Beginning with the line that has "1 Palestine, Land" and ending with the line that has "TUSBA MARKET Türk", retype the entries below exactly, except for the pictures.

Records for processing:
• • • •
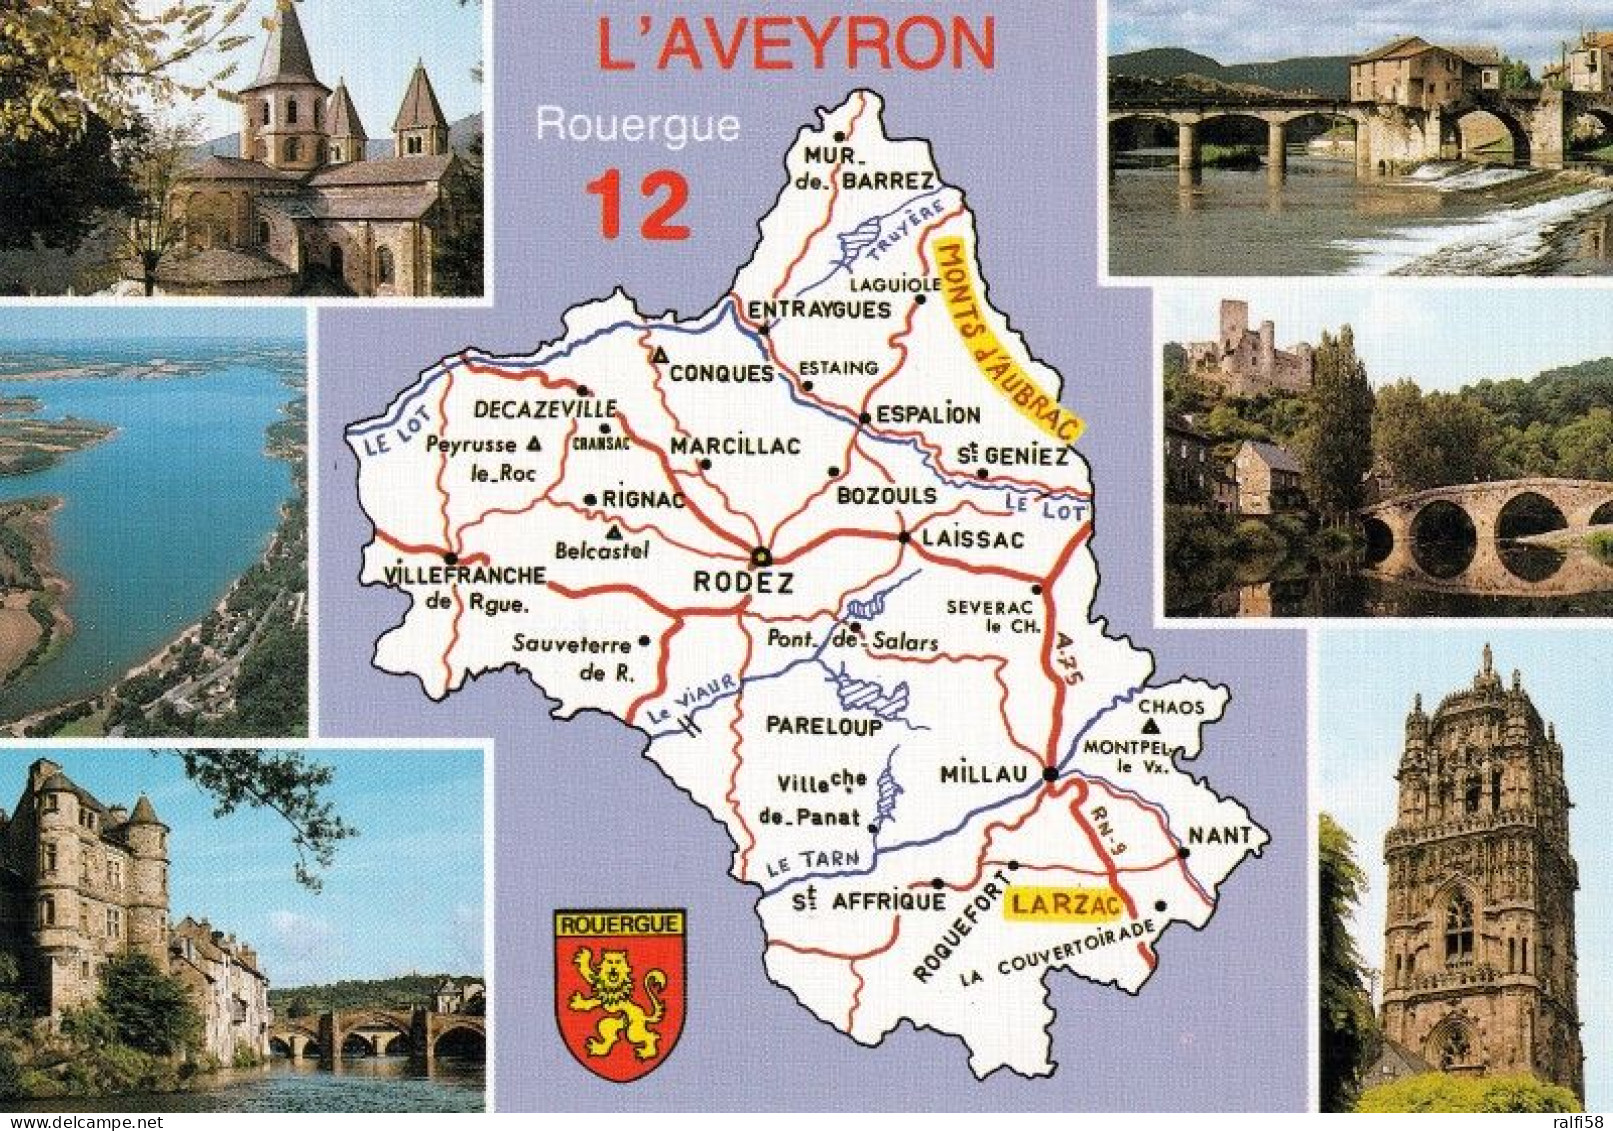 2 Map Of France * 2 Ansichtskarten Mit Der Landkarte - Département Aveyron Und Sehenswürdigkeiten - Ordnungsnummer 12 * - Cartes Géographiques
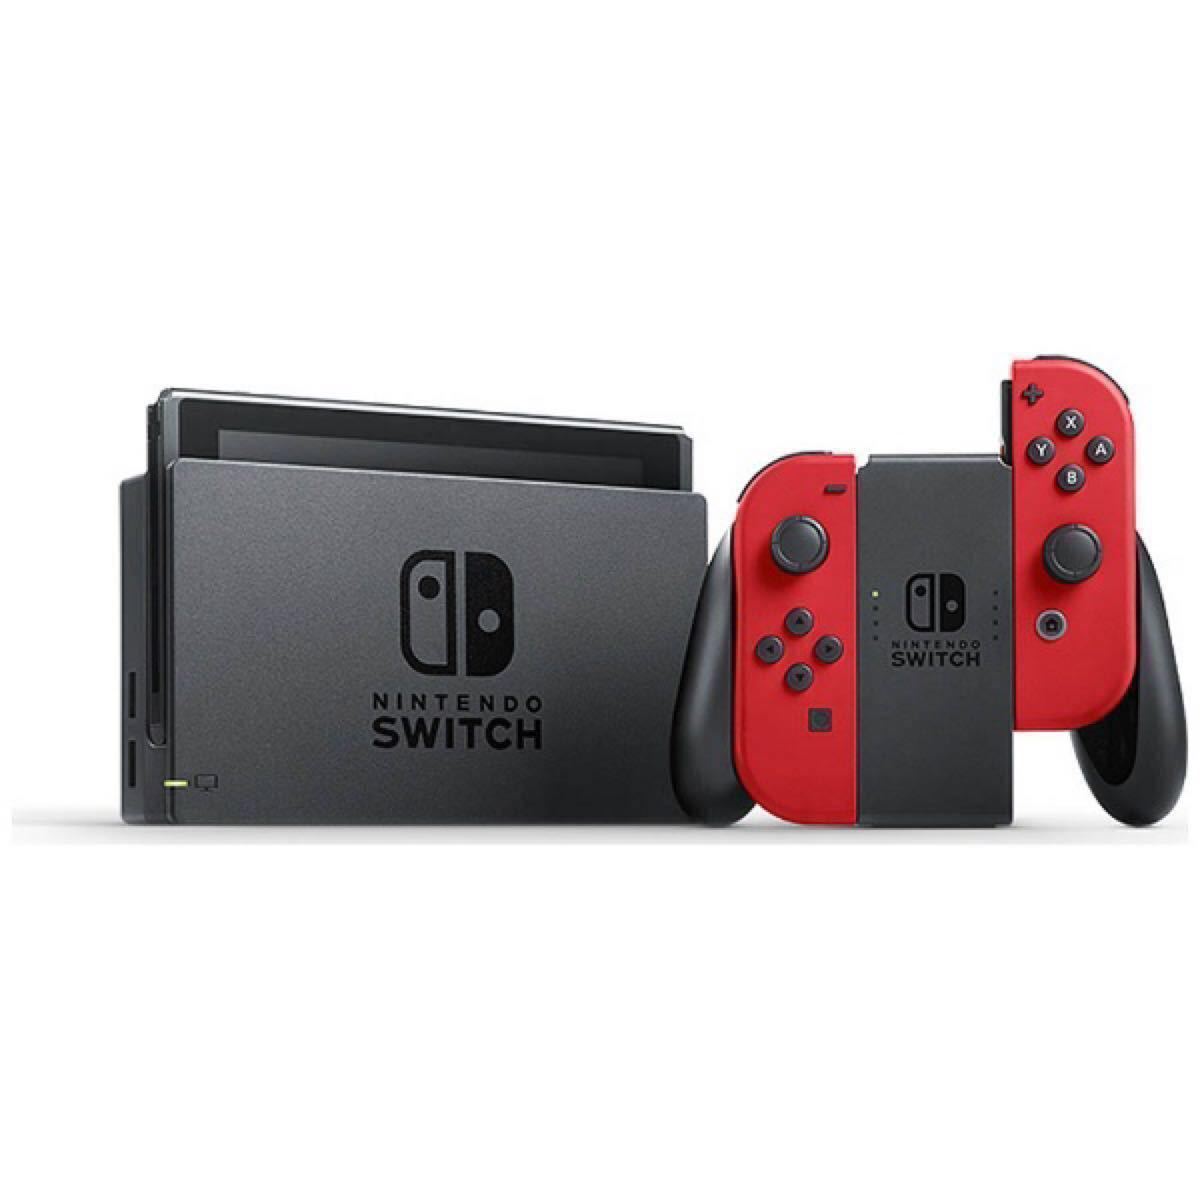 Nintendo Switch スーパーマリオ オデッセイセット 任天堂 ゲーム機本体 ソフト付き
• • • •
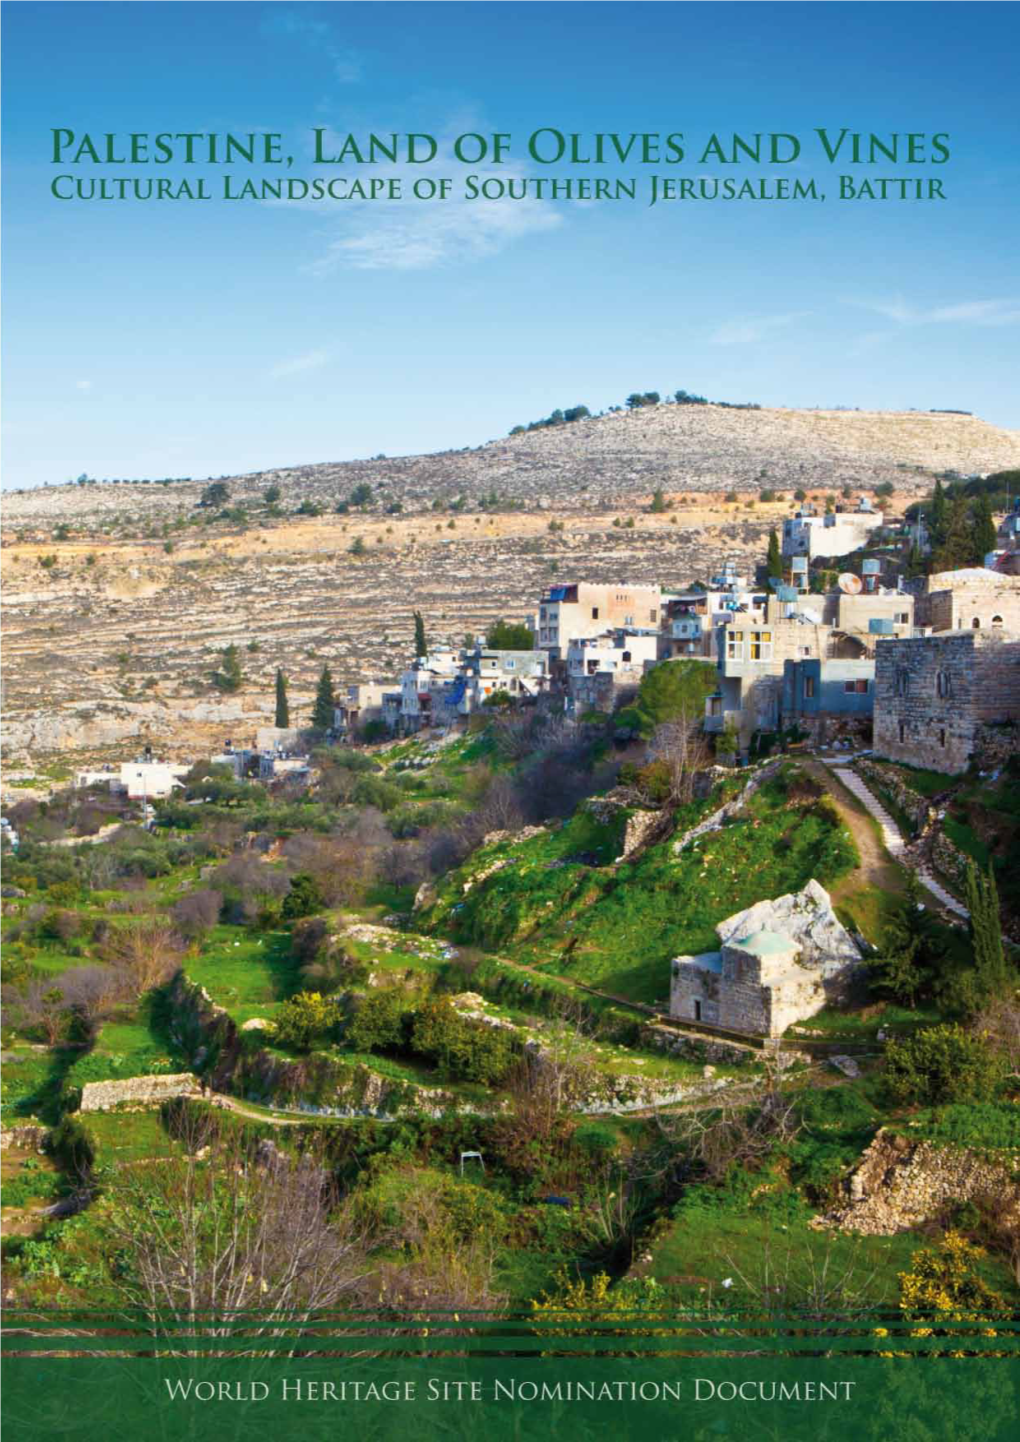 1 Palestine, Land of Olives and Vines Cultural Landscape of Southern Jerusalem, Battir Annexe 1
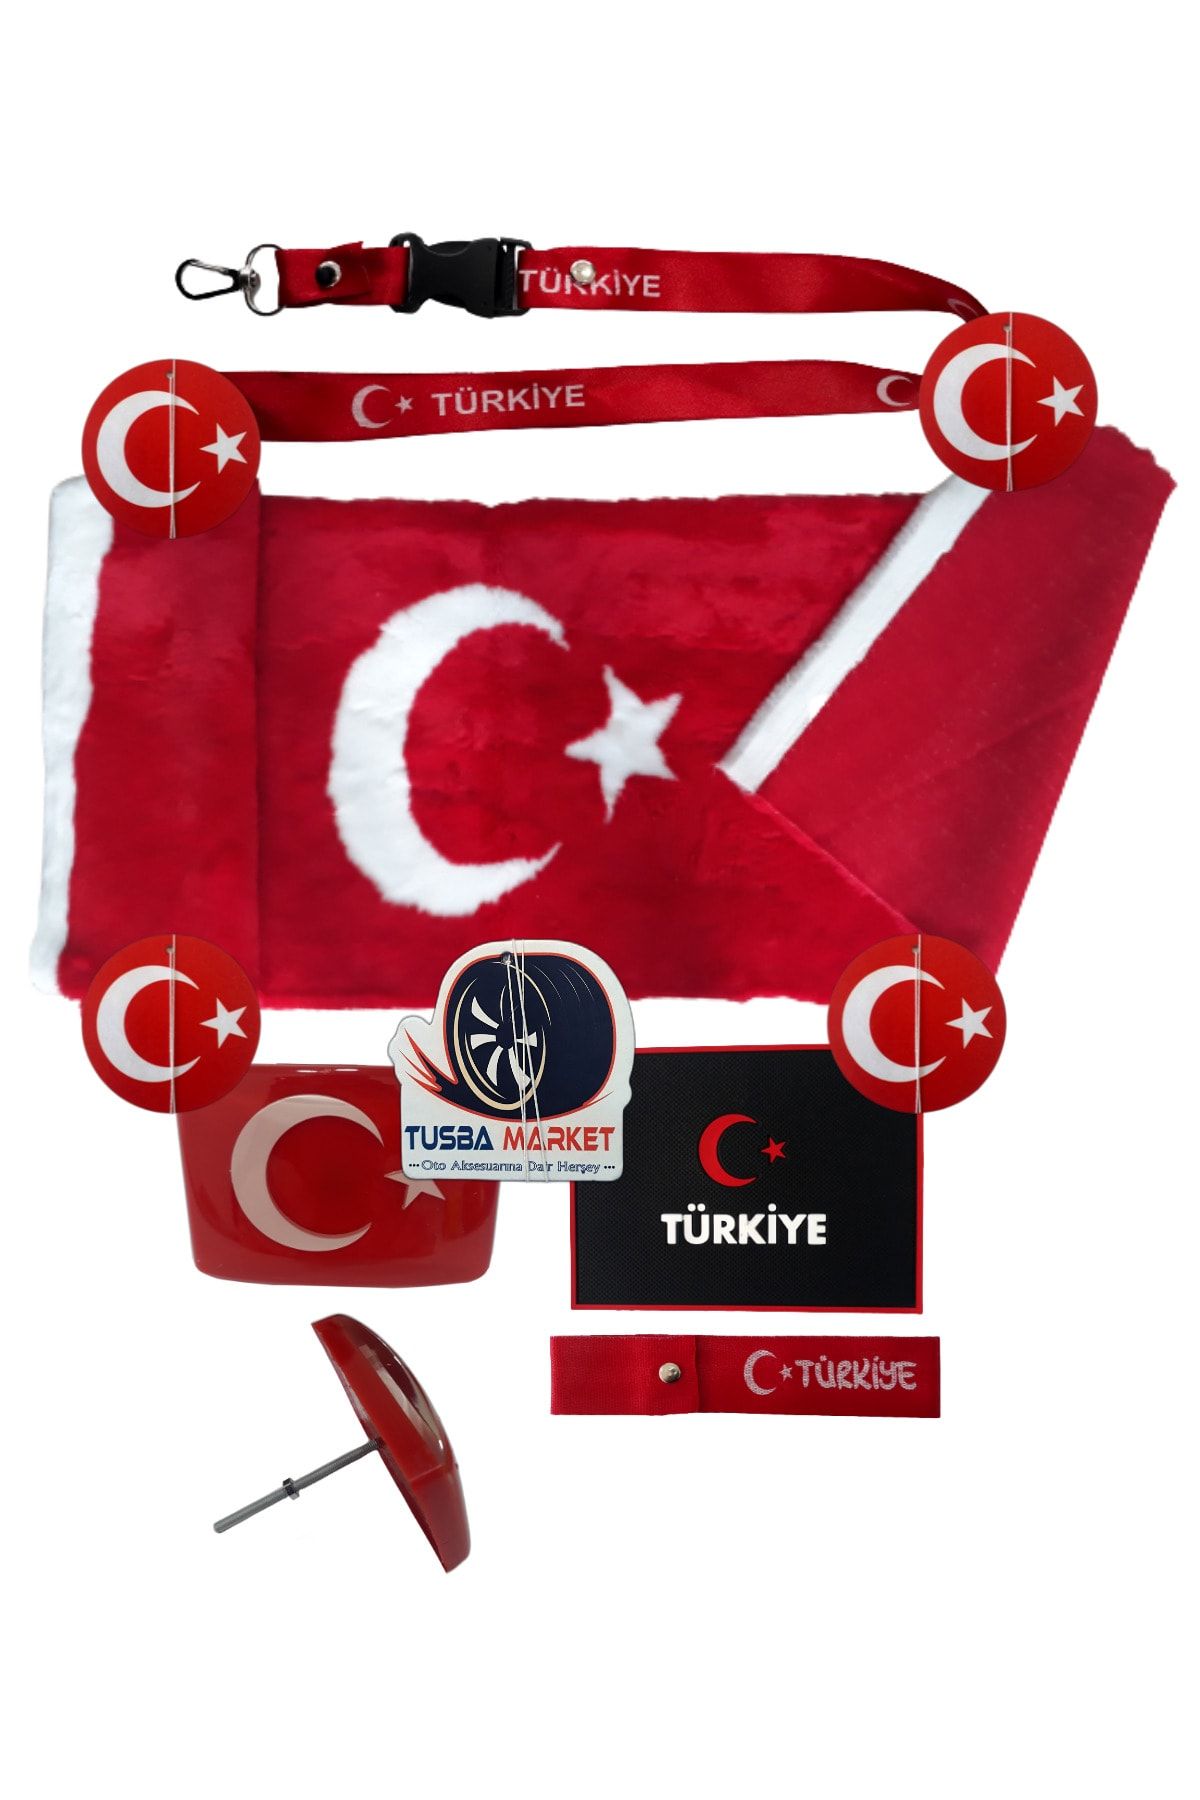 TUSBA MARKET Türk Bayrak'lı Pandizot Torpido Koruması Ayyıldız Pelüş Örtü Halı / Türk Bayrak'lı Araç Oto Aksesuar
• • • •
Written answer:
 1 Palestine, Land of Olives and Vines Cultural Landscape of Southern Jerusalem, Battir Annexe 1
 TUSBA MARKET Türk Bayrak'lı Pandizot Torpido Koruması Ayyıldız Pelüş Örtü Halı / Türk Bayrak'lı Araç Oto Aksesuar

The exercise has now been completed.